On the contrary, as stated by Leigh, maybe that CC-BY could be the “basic” license for OER, until we’ll surrender to the power of PD!!
I realize that copyleft IS a limitation (one of its mottoes is “some rights reserved”, isn’t it?) but I still think that some limitation is required.
I want to dedicate a final comment to the reflection on the “openness” of most courses, made by Alessandro. I often discuss of it with faculties: in our universities the physical classroms are open, anyone can attend a lesson, without requiring enrollment, while virtual classrooms are mostly closed! Isn’t it an inconsistency? In the case of Moodle, why not make courses open to the “guest” account? Guests cannot participate in any activity, i.e. they cannot “disturb” the classwork, while they could access resources and see “what happens” in the course: a valuable opportunity for colleagues..
in English






Hi,
Questo corso qui e’ un esempio buono.
sono veramente d’accordo che i corsi online dovrebbero essere aperti ai “visitanti”, come lo sono i corsi “in meat space”

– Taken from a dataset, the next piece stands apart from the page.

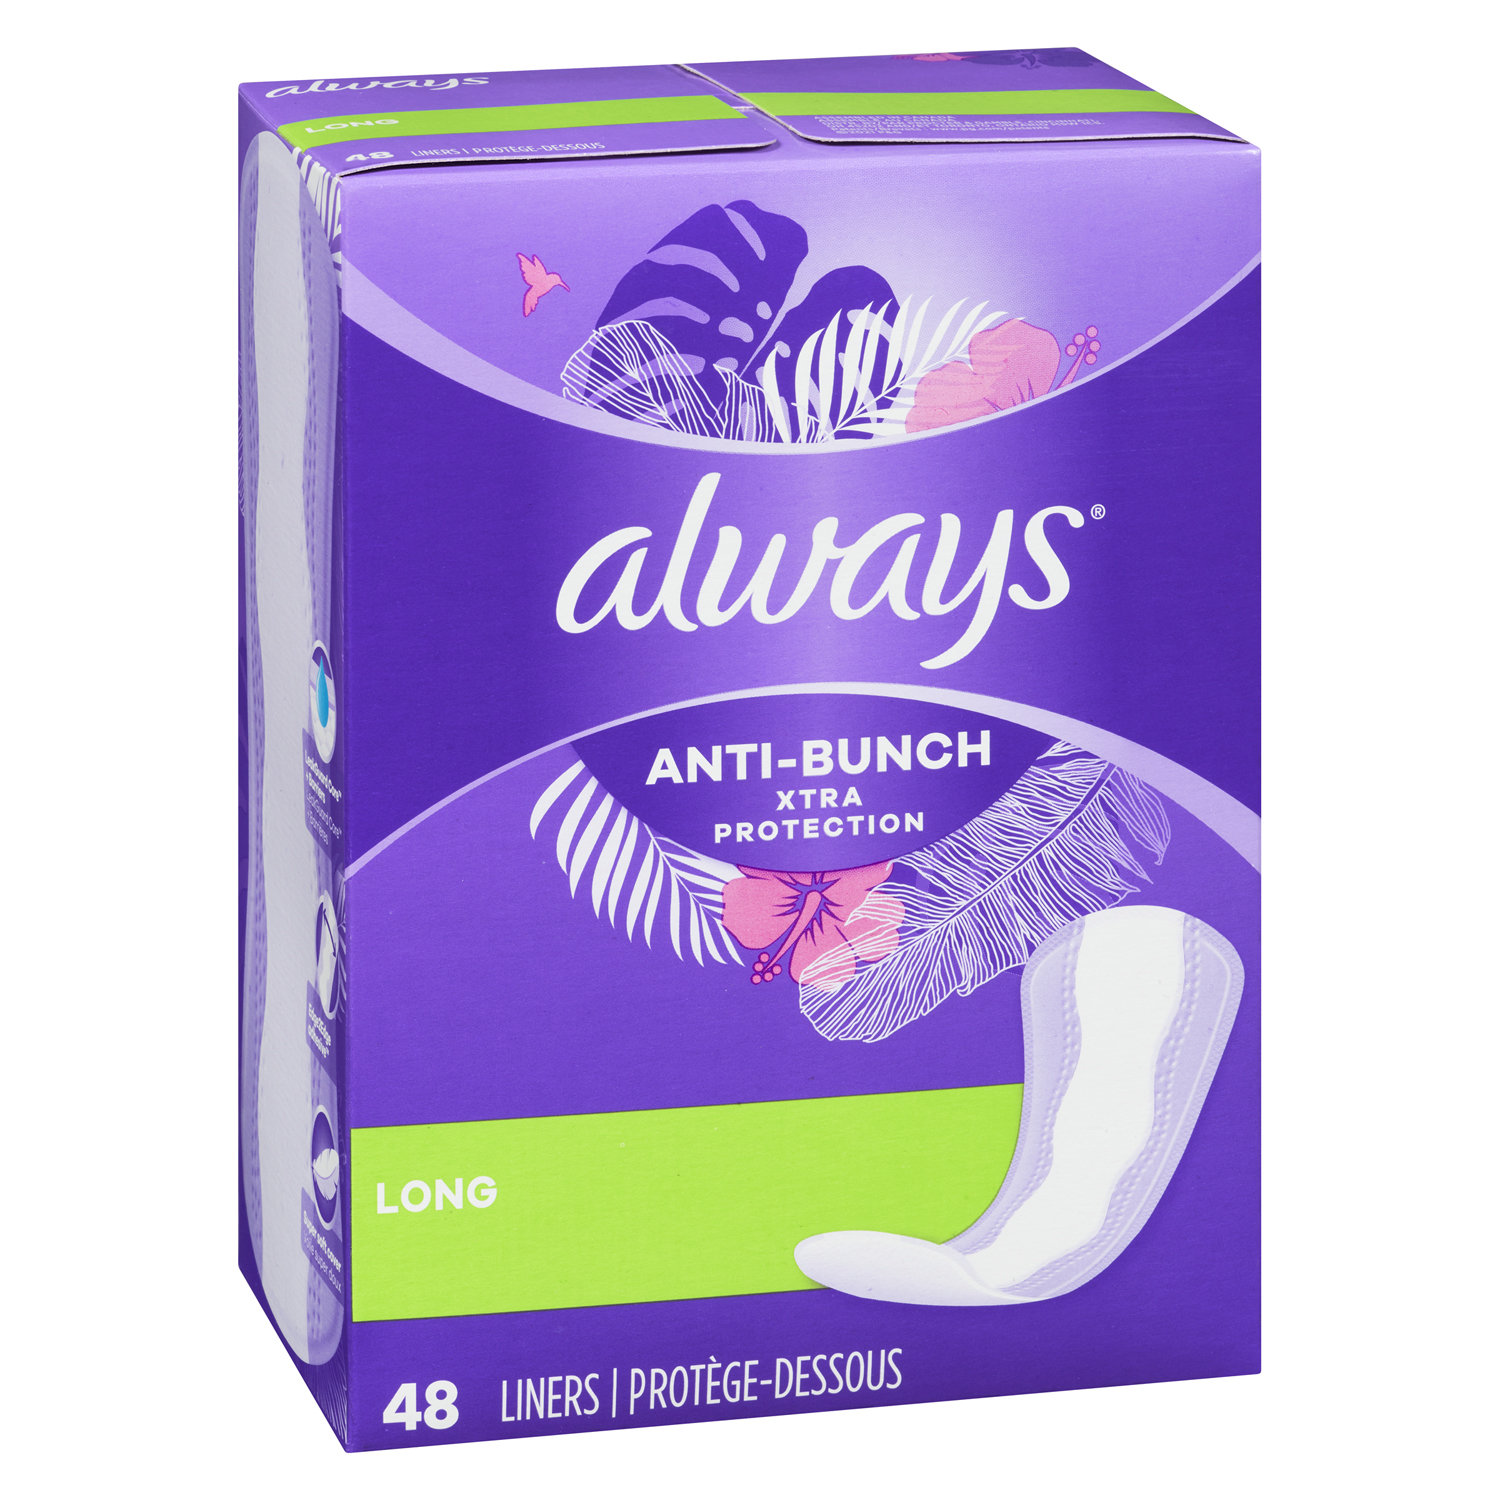 Panty Liners - Save-On-Foods

Sono totalmente d’accordo che i corsi virtuali dovrebbero essere aperti ai “visitanti”, come lo sono i corsi in “meat space”… penso que questo corso qui sia un buon esempio d’esso. Pero forse dovremmo produrre un open-ed-planet, per le gente che vogliono leggere i nostri blogpost, senza dovere cargare un OPML in sua RSS reader (se ce l’hanno).
Stian
Hi Antonio
very interesting questions.
In the SLOOP project we have chosen the CC Attribution-ShareAlike.
Attribution to give a chance to our “narcissism”: I leave all people free to use, but I like that they know that I have done it
ShareAlike to avoid that someone modify it and introduce an “all right reserved” copyright.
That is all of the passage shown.